=== TASK PROMPT ===
For the material below, the expected output is exactly the lines between the line holding "Dwnn Stock Photo" and the line holding "A tiny baby", inclusive, with pictures left out.
+++ LISTED RECORDS +++
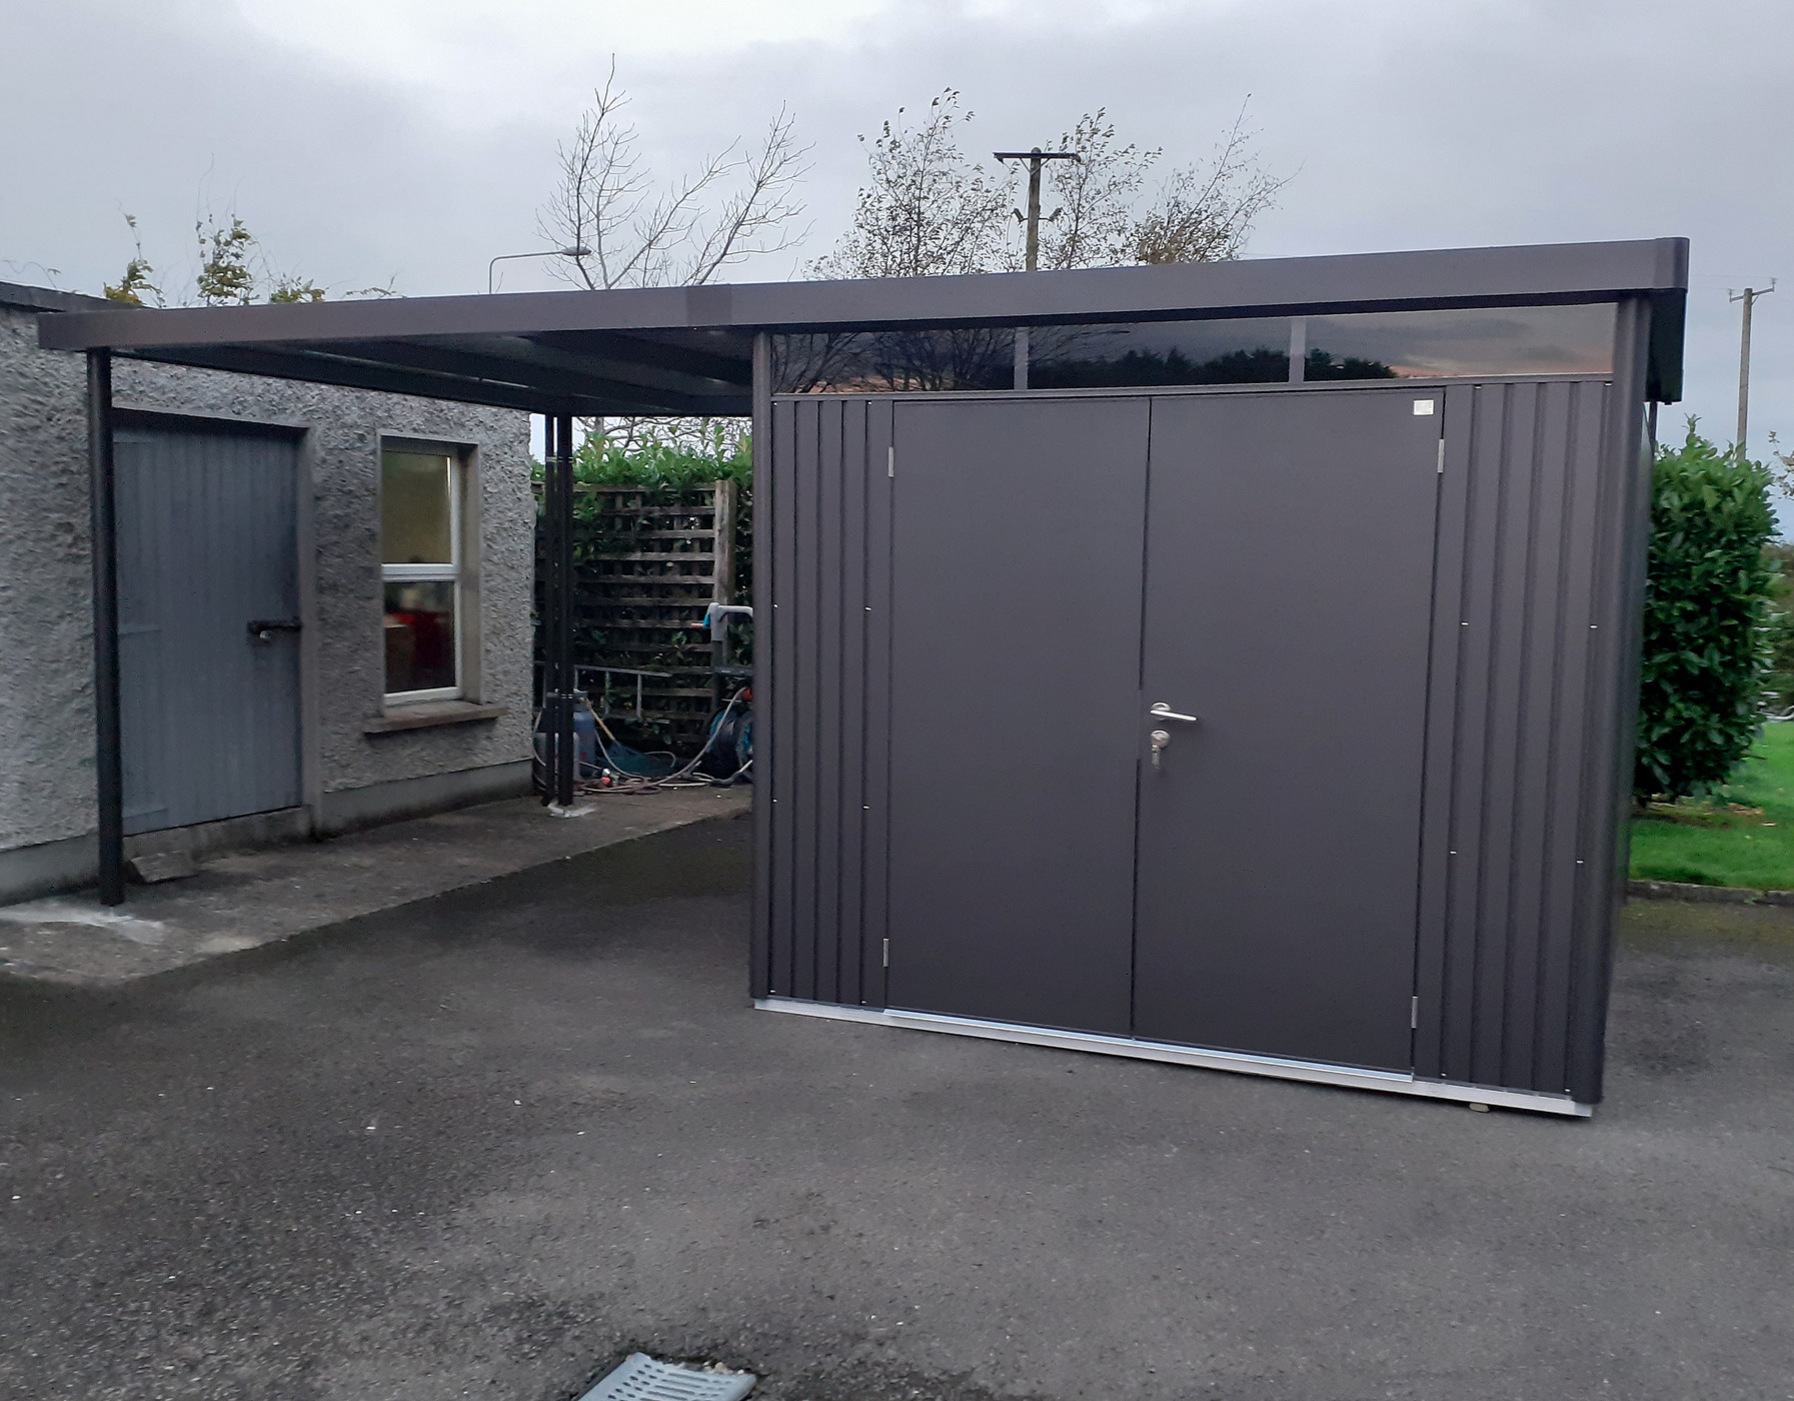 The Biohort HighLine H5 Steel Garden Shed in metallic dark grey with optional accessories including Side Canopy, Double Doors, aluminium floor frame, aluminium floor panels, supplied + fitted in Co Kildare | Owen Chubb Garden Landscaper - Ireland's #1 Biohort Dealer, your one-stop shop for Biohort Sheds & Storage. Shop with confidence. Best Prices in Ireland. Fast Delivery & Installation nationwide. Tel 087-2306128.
+++
+++ LISTED RECORDS +++
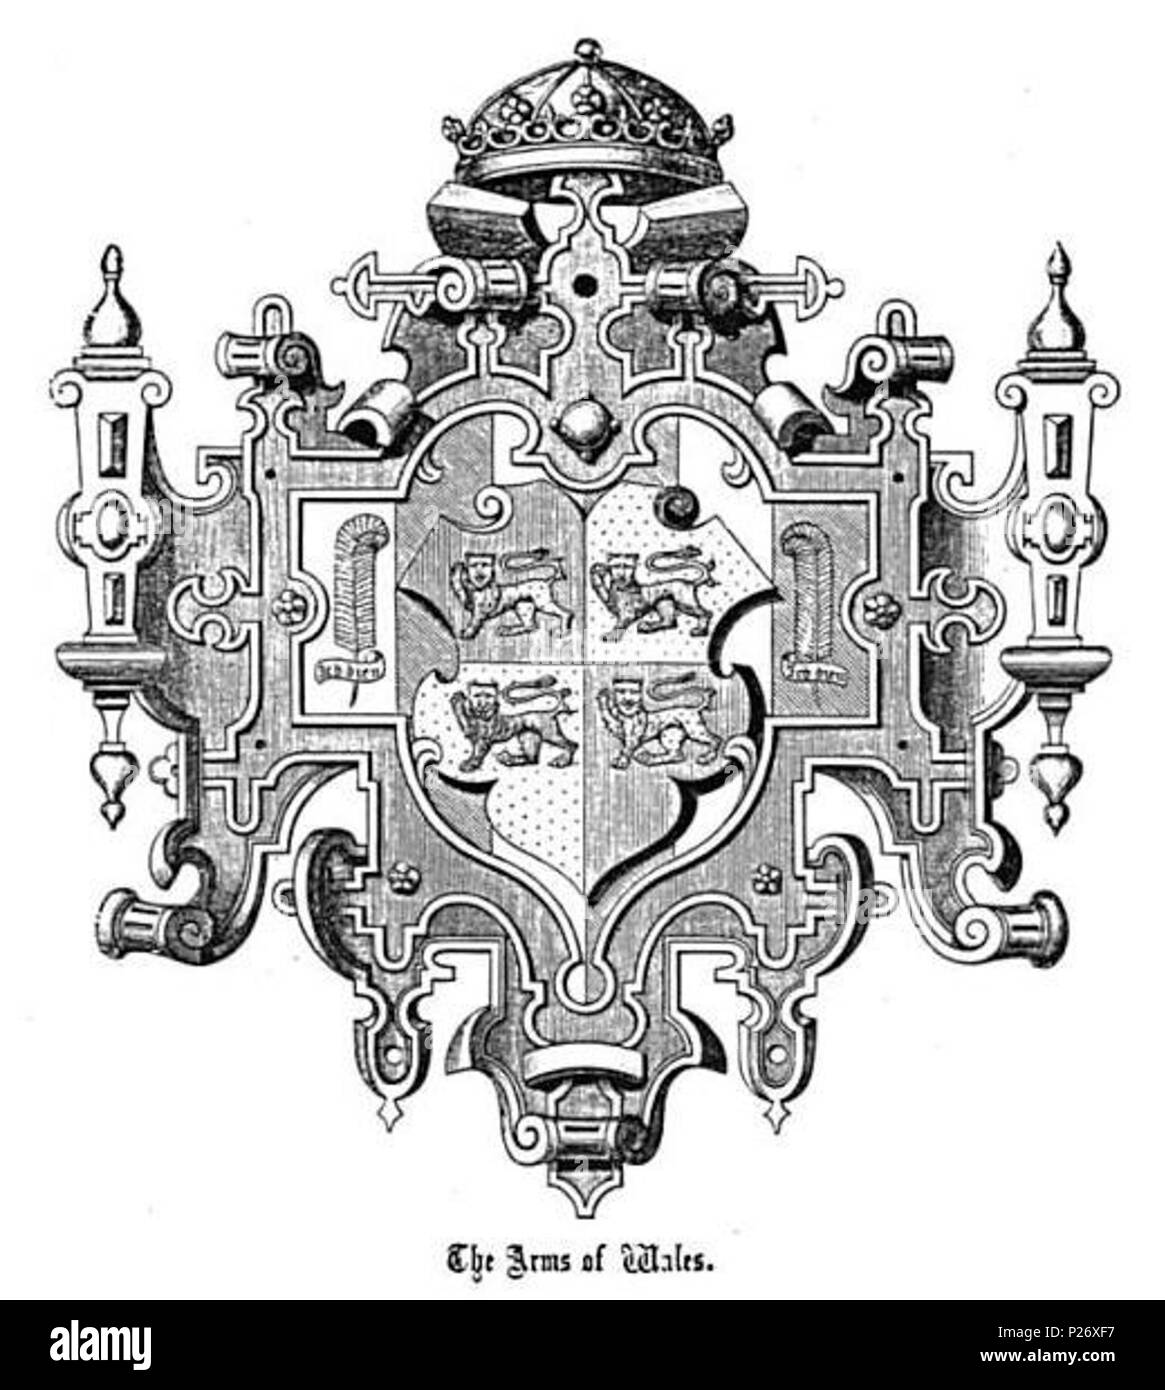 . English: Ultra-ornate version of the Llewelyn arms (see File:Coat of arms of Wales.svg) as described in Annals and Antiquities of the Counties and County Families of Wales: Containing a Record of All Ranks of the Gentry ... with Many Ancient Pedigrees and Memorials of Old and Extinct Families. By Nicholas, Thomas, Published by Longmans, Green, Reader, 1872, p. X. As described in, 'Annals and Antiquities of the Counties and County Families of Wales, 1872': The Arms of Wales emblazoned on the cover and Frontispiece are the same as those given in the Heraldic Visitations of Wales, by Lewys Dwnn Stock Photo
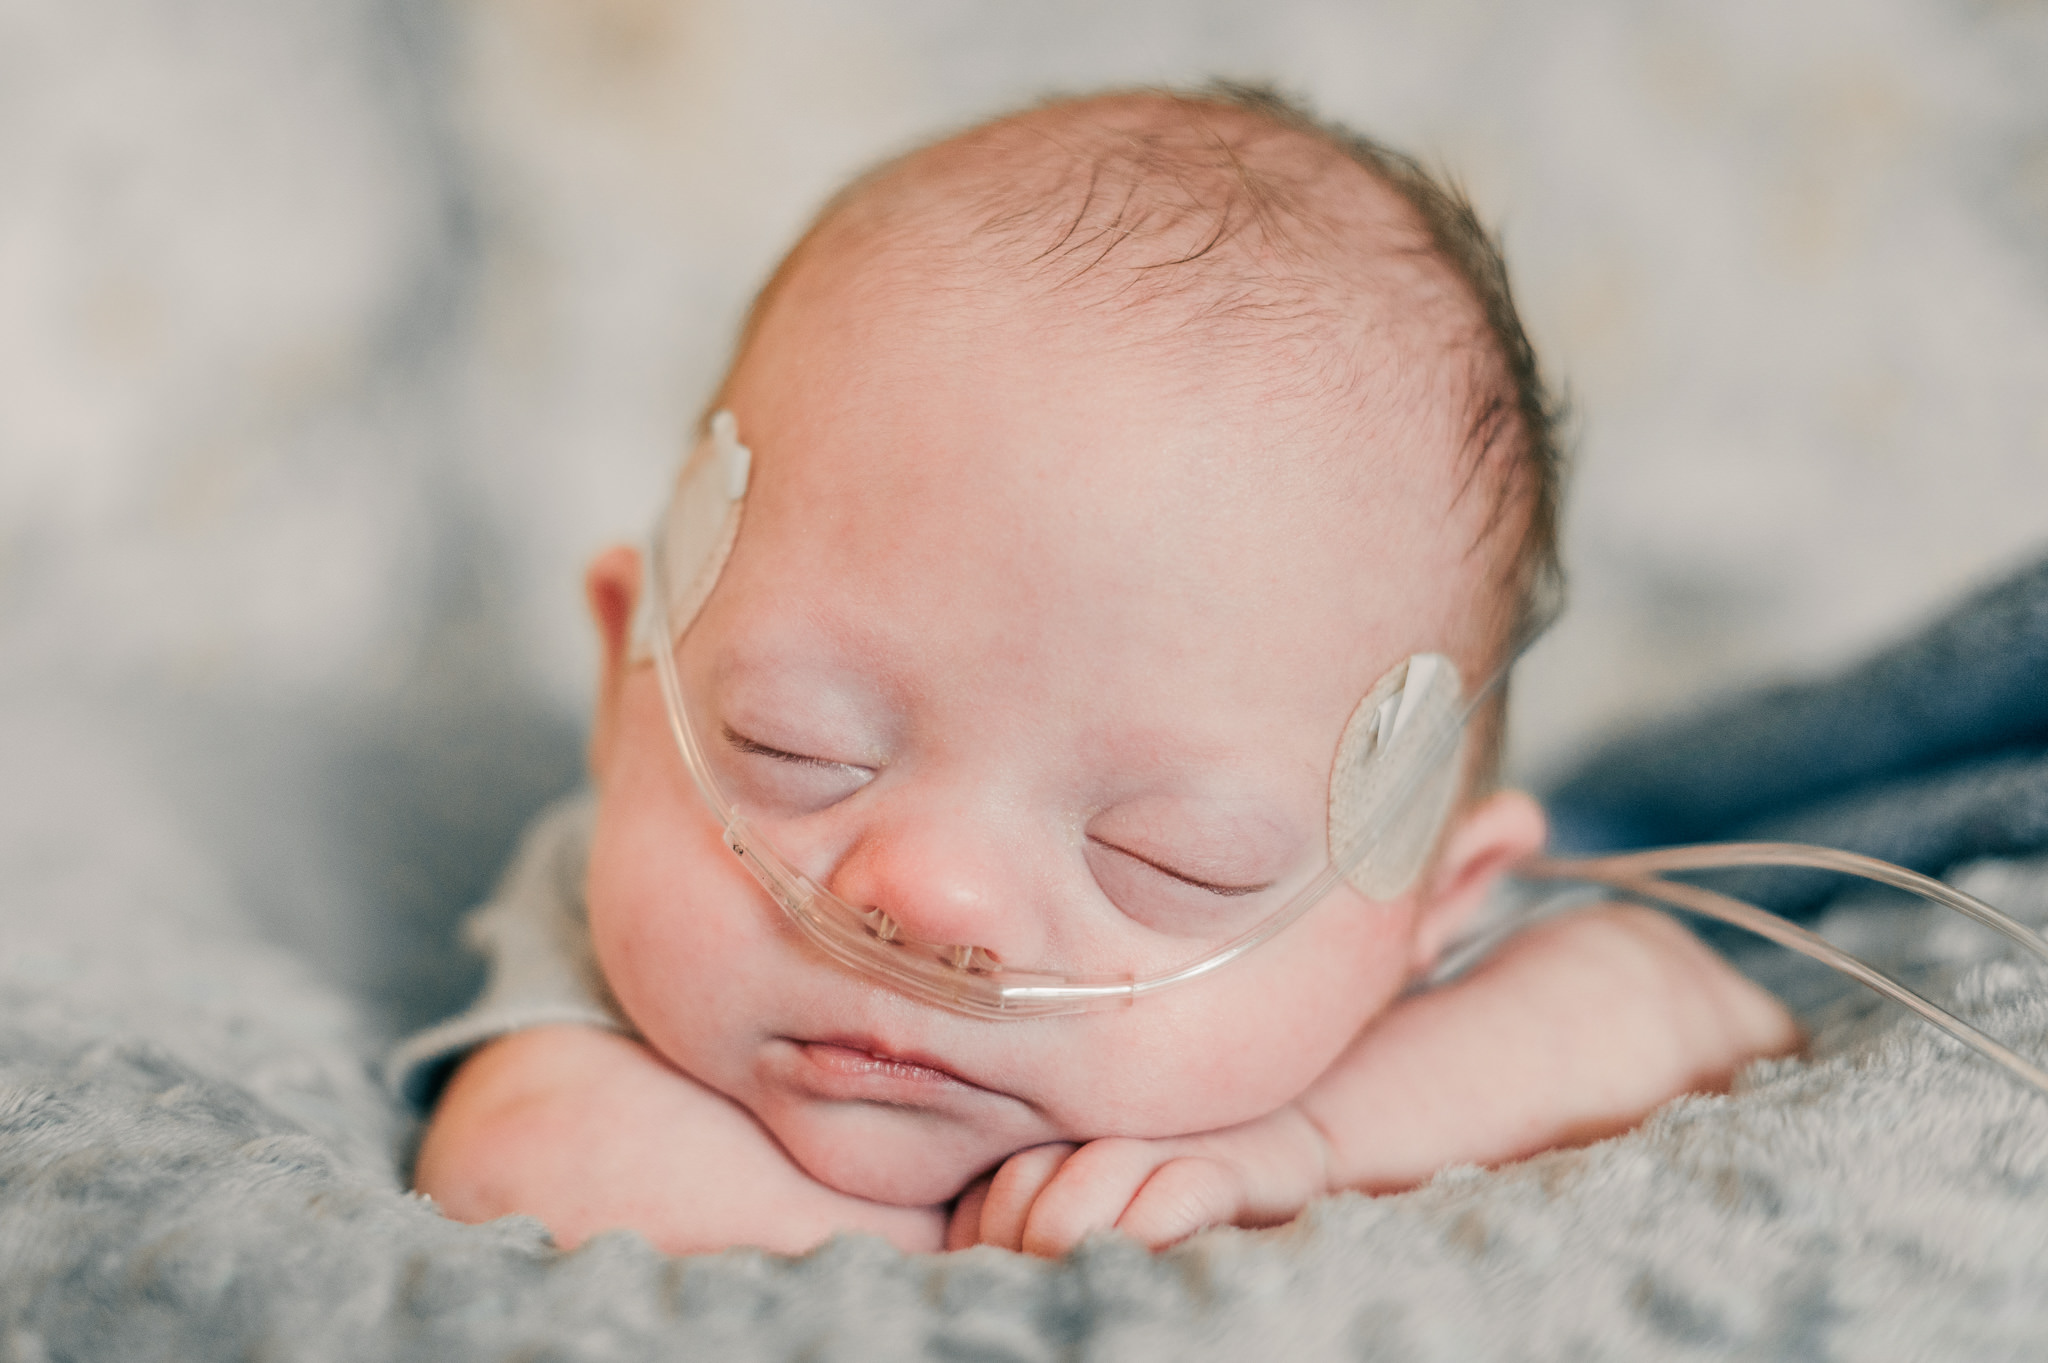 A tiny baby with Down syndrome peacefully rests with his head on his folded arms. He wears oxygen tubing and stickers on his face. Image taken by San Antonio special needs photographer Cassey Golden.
+++
=== THE ANSWER ===
 . English: Ultra-ornate version of the Llewelyn arms (see File:Coat of arms of Wales.svg) as described in Annals and Antiquities of the Counties and County Families of Wales: Containing a Record of All Ranks of the Gentry ... with Many Ancient Pedigrees and Memorials of Old and Extinct Families. By Nicholas, Thomas, Published by Longmans, Green, Reader, 1872, p. X. As described in, 'Annals and Antiquities of the Counties and County Families of Wales, 1872': The Arms of Wales emblazoned on the cover and Frontispiece are the same as those given in the Heraldic Visitations of Wales, by Lewys Dwnn Stock Photo
 A tiny baby with Down syndrome peacefully rests with his head on his folded arms. He wears oxygen tubing and stickers on his face. Image taken by San Antonio special needs photographer Cassey Golden.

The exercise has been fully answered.